Stage 5 adds a second tool, exec_service. The agent keeps exec for shell-shaped work, but now it also has a set of named services it calls with typed arguments and gets a typed result back. Two of them ship with the example:

  • lookup_wiki takes a topic string and returns wiki snippets as structured objects, not a blob of text the agent has to parse.
  • publish_summary takes a summary string, posts it to a webhook, and returns the message_id and timestamp the webhook handed back.

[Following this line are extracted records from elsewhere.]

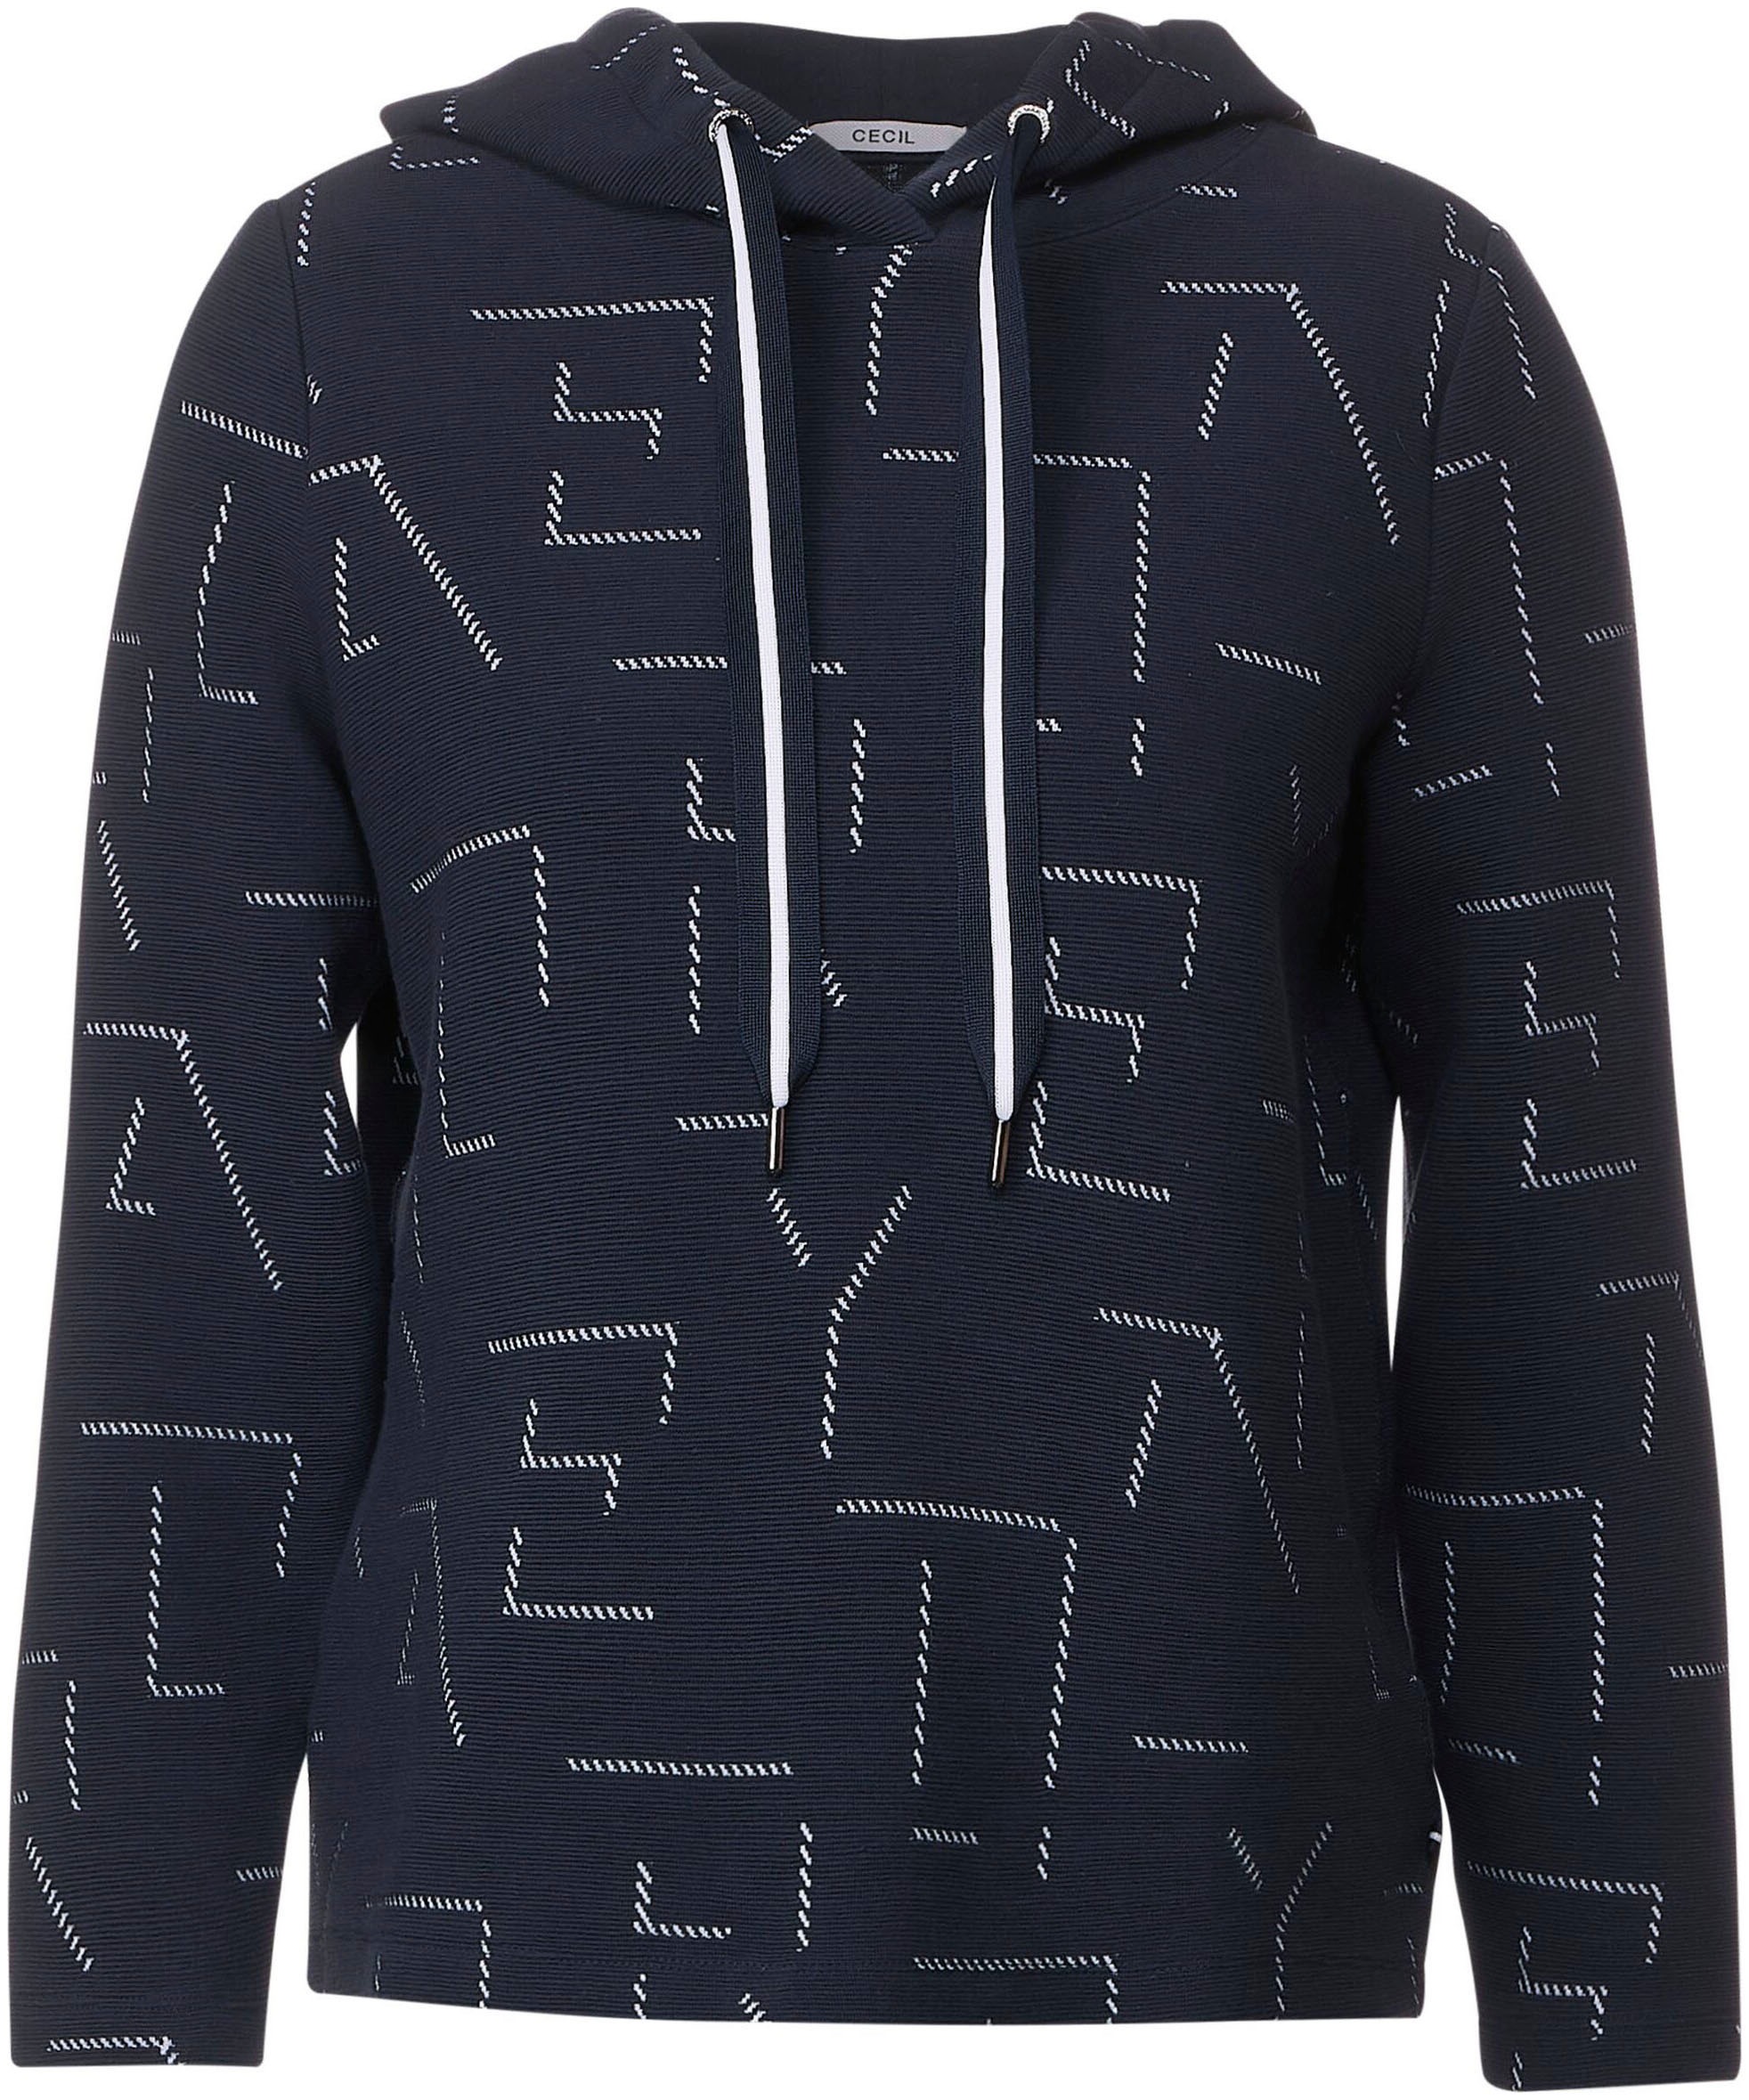 Cecil Sweatshirt, Jacquard-Muster mit einzigartigem kaufen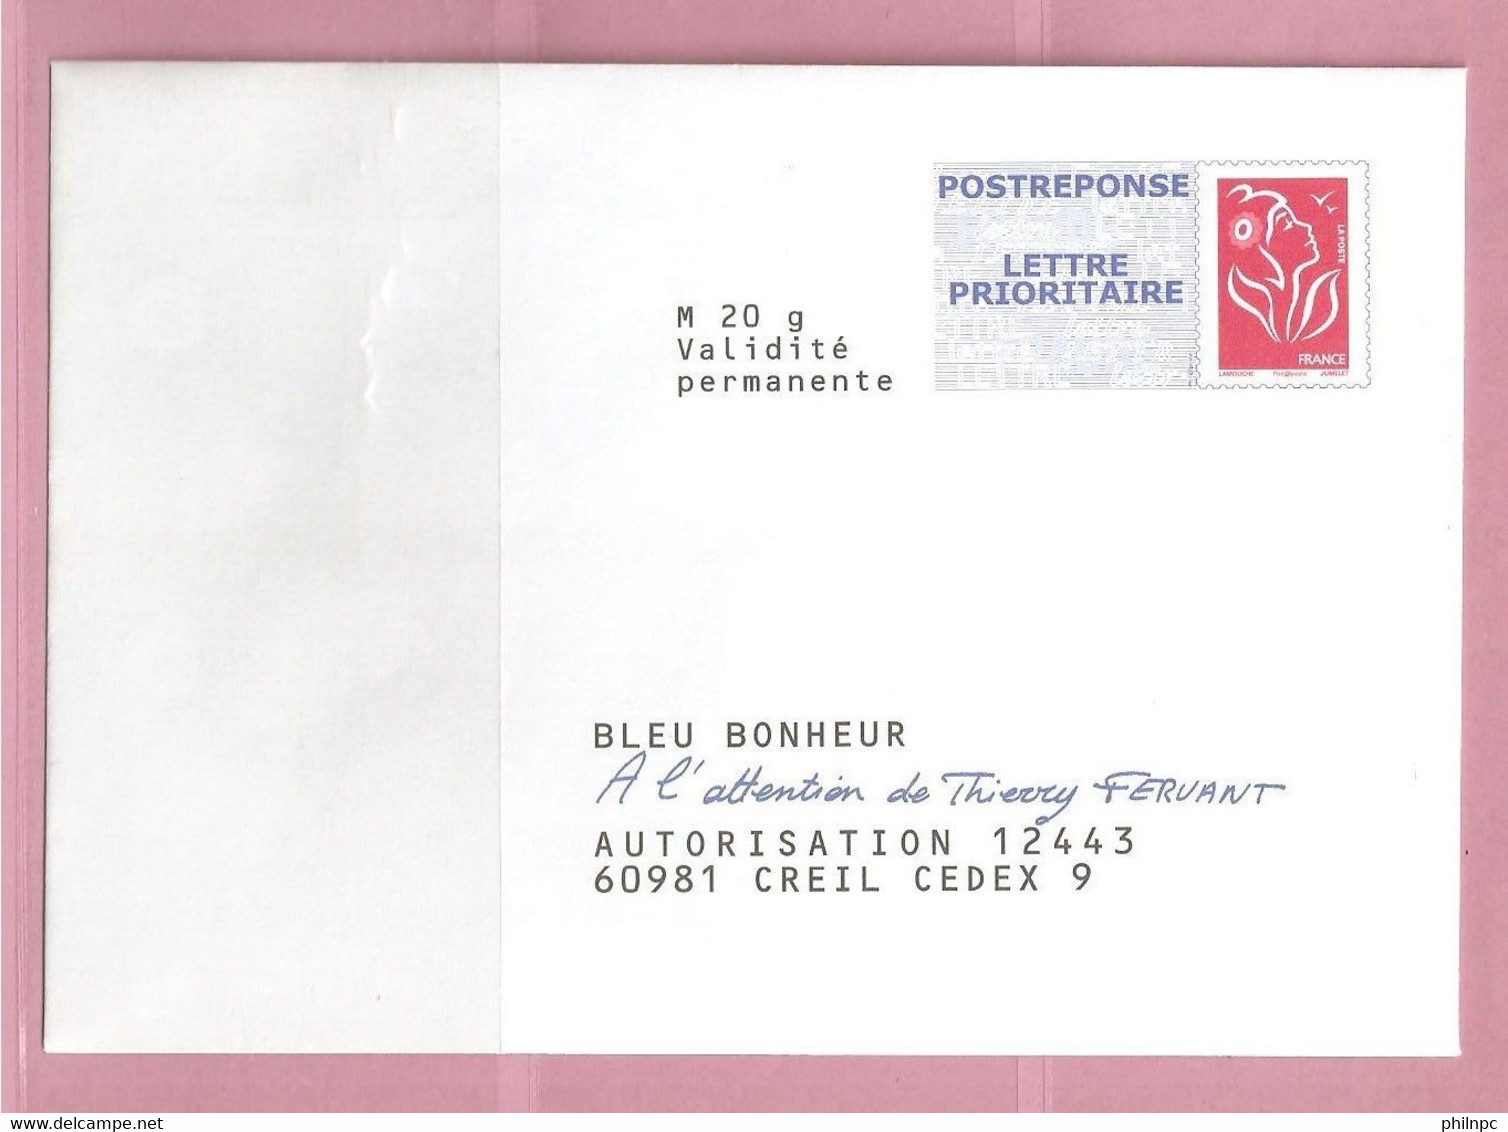 France, Prêt à Poster Réponse, 3734A, Postréponse, Bleu Bonheur, Marianne De Lamouche - PAP : Antwoord /Lamouche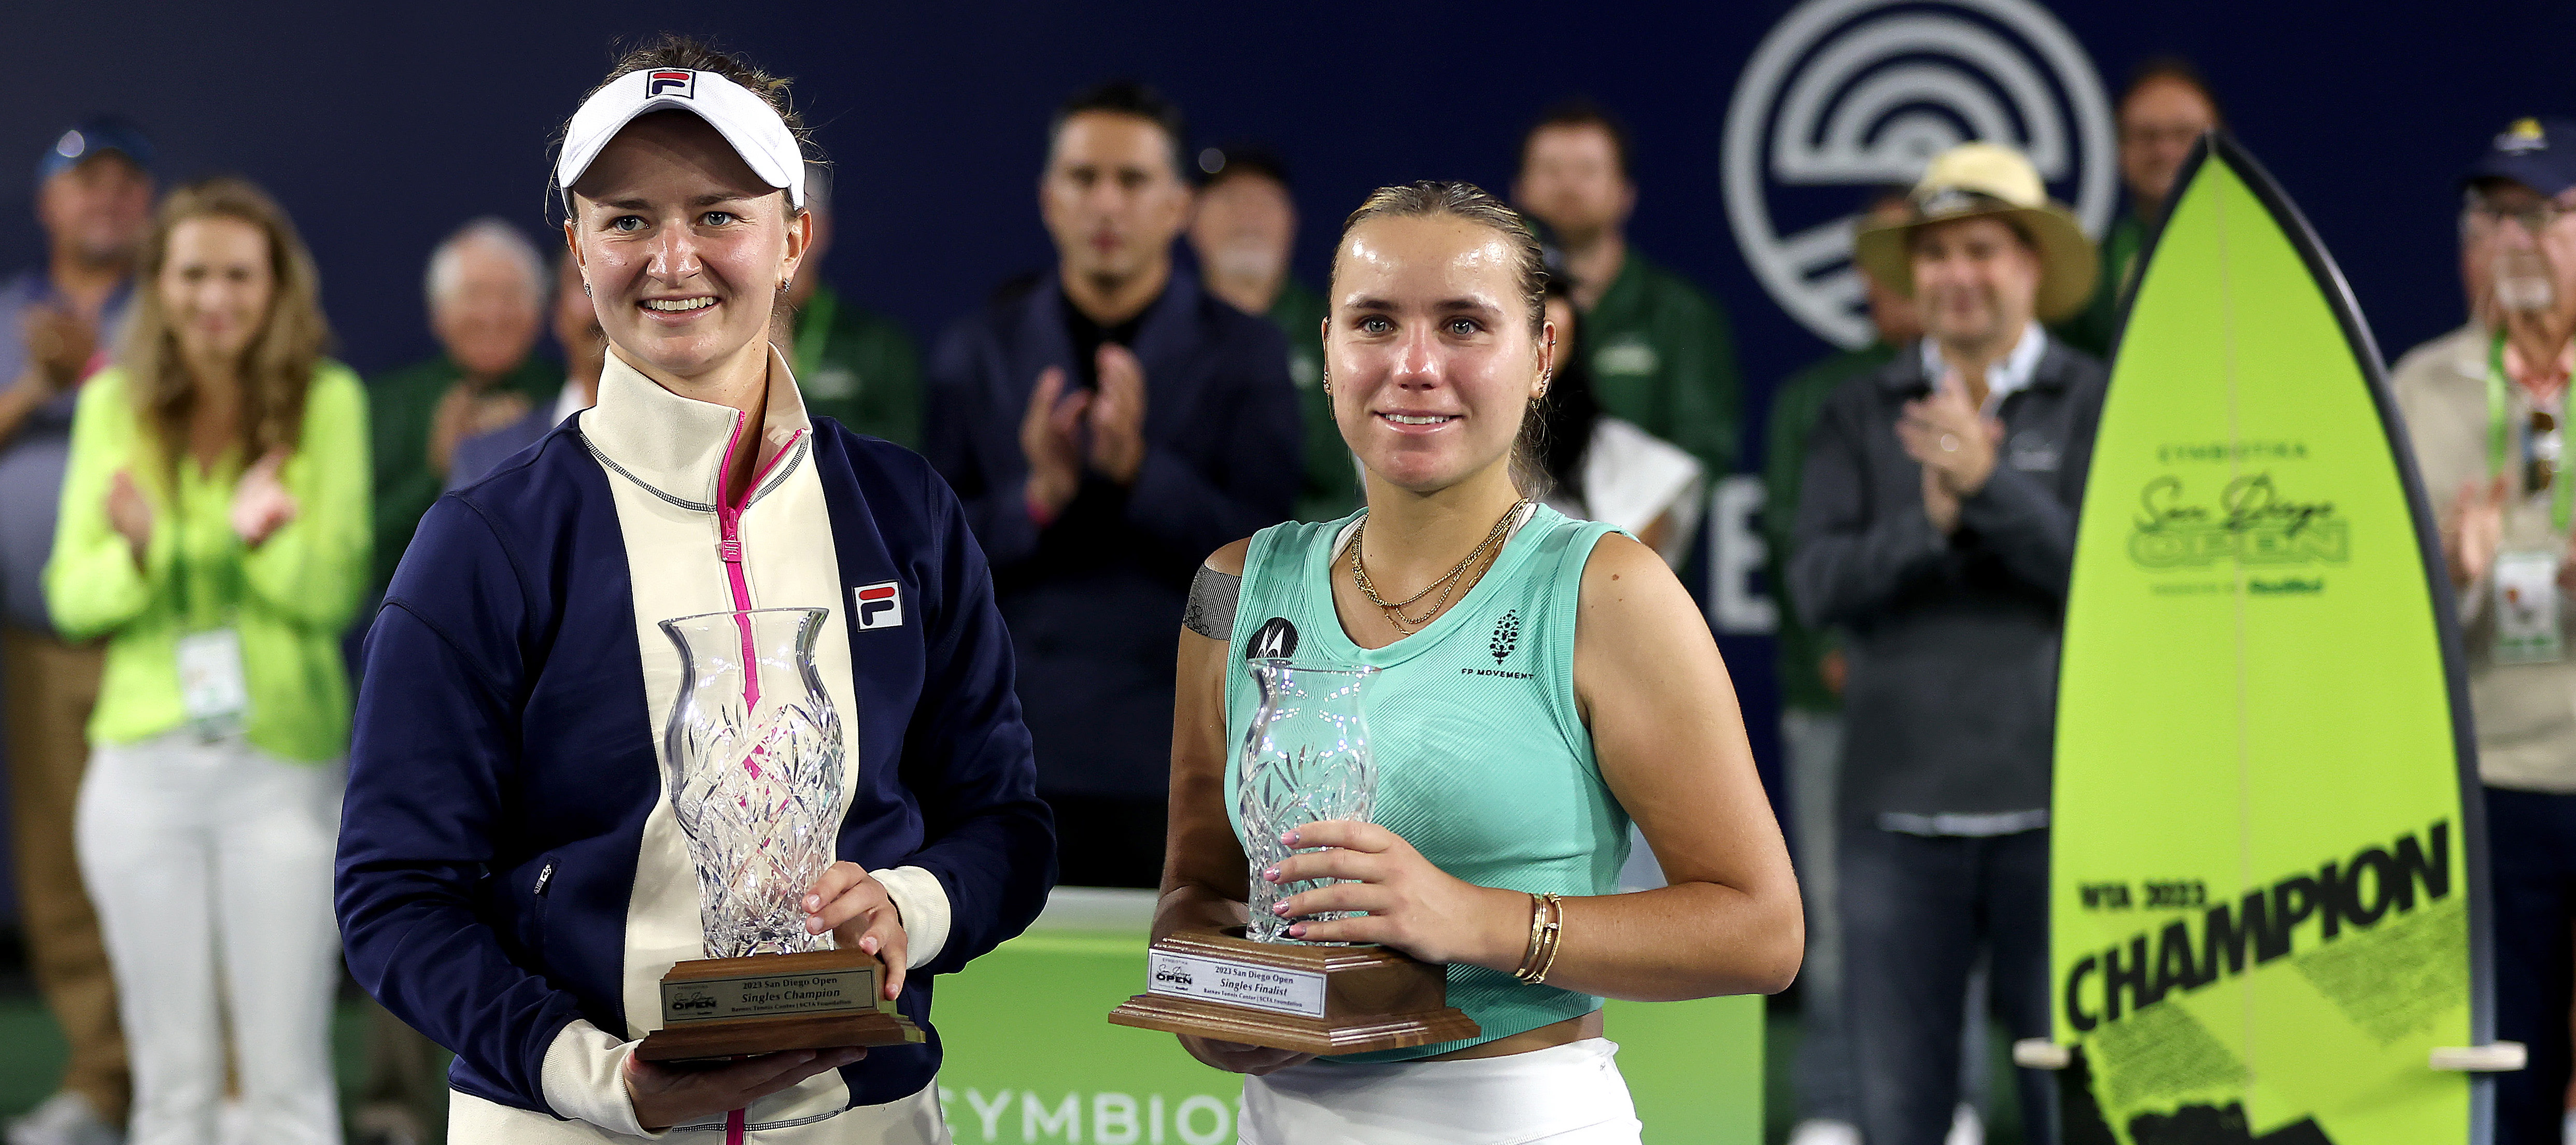 Barbora Krejcikova battles past Sofia Kenin in all-Grand Slam champion final in San Diego

The agent only sees the services this profile allows. The exec_service tool's description is built from the profile's allowed_services set, so an agent that isn't allowed to publish never sees publish_summary in the tool description. Here is how the two paths run side by side:

PydanticAI agentinside the Kitaru durable flow · picks a path per call
exec — shell-shaped workinspect files · run commands
agent
Docker sandbox shellproxy injects Authorization on egress (Stage 4)
command outputraw bytes the agent parses
exec_service — structured workpublish · look up a record · file a ticket
agent
host-side typed handlerhost resolves kitaru.get_secret() directly · no proxy
typed Pydantic resultvalidated fields, not bytes
exec — sandboxed shell, proxy-injected authexec_service — host-side typed call, direct creds
exec is right when the agent reasons about shell output. exec_service is right when the structured result matters more than the bytes — and its credentials never enter the sandbox.

Run it

One-time setup

Stage 5 uses the same setup.sh as the earlier stages, plus one new secret (webhook-token) for the publish call. It is idempotent, so re-running it is safe even if you already ran it for an earlier stage.

bash setup.sh

Then run the stage:

DISABLE_CACHE=1 uv run python stage_5_typed_services.py

DISABLE_CACHE=1 forces every checkpoint to re-execute, the same flag the earlier stages use, so you get a clean run while you are learning instead of cached output. The agent follows a skill that mixes both paths on purpose: exec to read some OS facts out of the sandbox, then exec_service for the typed lookup and publish. At the end it prints a Published ... line.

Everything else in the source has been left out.